Noite. Calor. Concerto nos telhados.
Cubos esferoidais. Gatas e gatos.
Vênus. Graças. Aranhas. Carrapatos.
Melindrosas. Poetas assanhados.

Rabanetes azuis. Sóis encarnados.
Comida no alguidar. Cuspo nos pratos.
Três rondas a cavalo. Mil boatos.
Prosa sesquipedal. Tropos safados.

Avenida deserta. Bondes. Grama.
Chopes Fidalga. Leite. Pão de ló.
Carros de irrigação. Salpicos. Lama.

Vacas magras. Esfinge. Triste. Só.
Tumor mole. São Paulo. Telegrama.
Dois secretas. Cubismo. Xilindró.

Soneto cacoépico

Glauco Mattoso

É má cacofonia “heroico brado”,
que faz o nosso hino ser por cada
macaco no seu galho de piada
motivo, mito presto profanado.

Galhofo quando grafo “deputado”,
um réu por cuja mãe a pátria brada
e cuja nota tem que amar melada
a puta que a recebe de ordenado.

Por ti gela meu pinto, e por ti são
meus bagos esmagados qual sardinha,
ó língua de tão baixo palavrão!

Dos cacos que cuspi, calou Caminha.
A mim toca, contudo, uma questão:
Se já Camões fez caca em “Alma minha”...

NATAL

Neste Natal quisera eu ter a dita
De ir ao teu lado, à sombra do teu vulto,
Ao menino Jesus render meu culto
Numa igrejinha simples e catita.
Longe dos faustos deste mundo estulto, 
Num idílio de monja e cenobita
Entre os meus braços o teu rosto oculto, 
Do amor a benção receber bendita.
Da natureza ouvindo a sinfonia. 
Lá no Leme, entre as águas e as montanhas 
Passarmos docemente o inteiro dia.
E à noite, após "complicações" tamanhas 
Fazermos a consoada numa orgia 
De vinho verde, beijos e castanhas.
O sapateiro à namorada:
Que queres, meu amor que eu ponha no teu sapatinho?
Ela, dengosa e sincera:
Uma meia sola.

Solenemente

Hermes Fontes

Juro por tudo quanto é jura... juro
por mim... por ti... por nós... por Jesus Cristo
– que hei de esquecer-te... Vê-me: estou seguro
contra o teu sólio, a cuja queda assisto.

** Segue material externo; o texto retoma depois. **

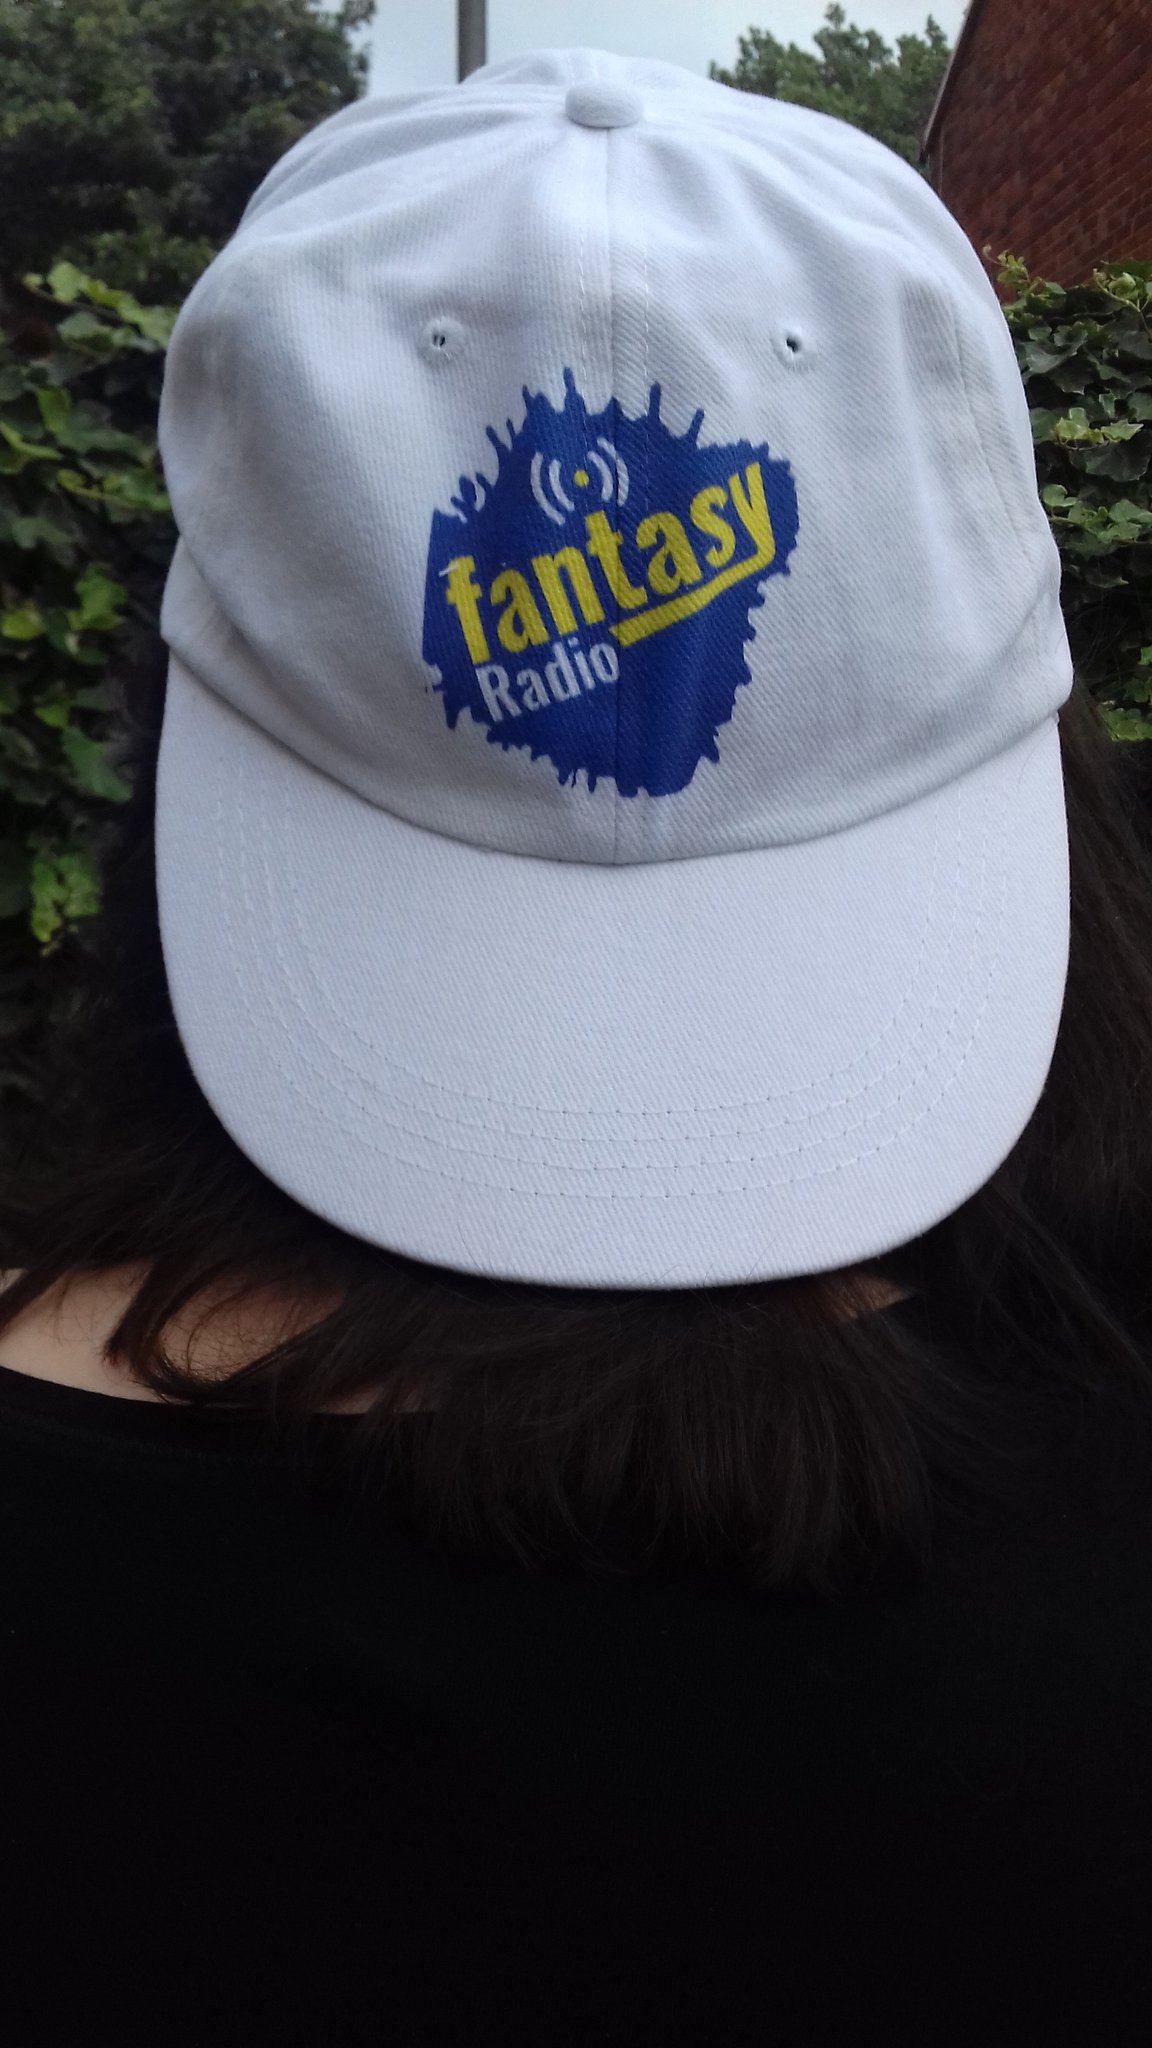 Suzy P exclusive to Fantasy Radio

E visto que duvidas tanto, visto
que ris do que, solene, te asseguro,
juro mais: pelo ser em que consisto,
por meu Passado, pelo teu Futuro!

Juro pela Virgem-Maria concebida!
Pelas venturas de que vou no encalço!
Por minha vida... pela tua vida!

Juro por tudo o que mais amo e exalço!
...E, depois de uma jura tão comprida,
juro... juro que estou... jurando falso.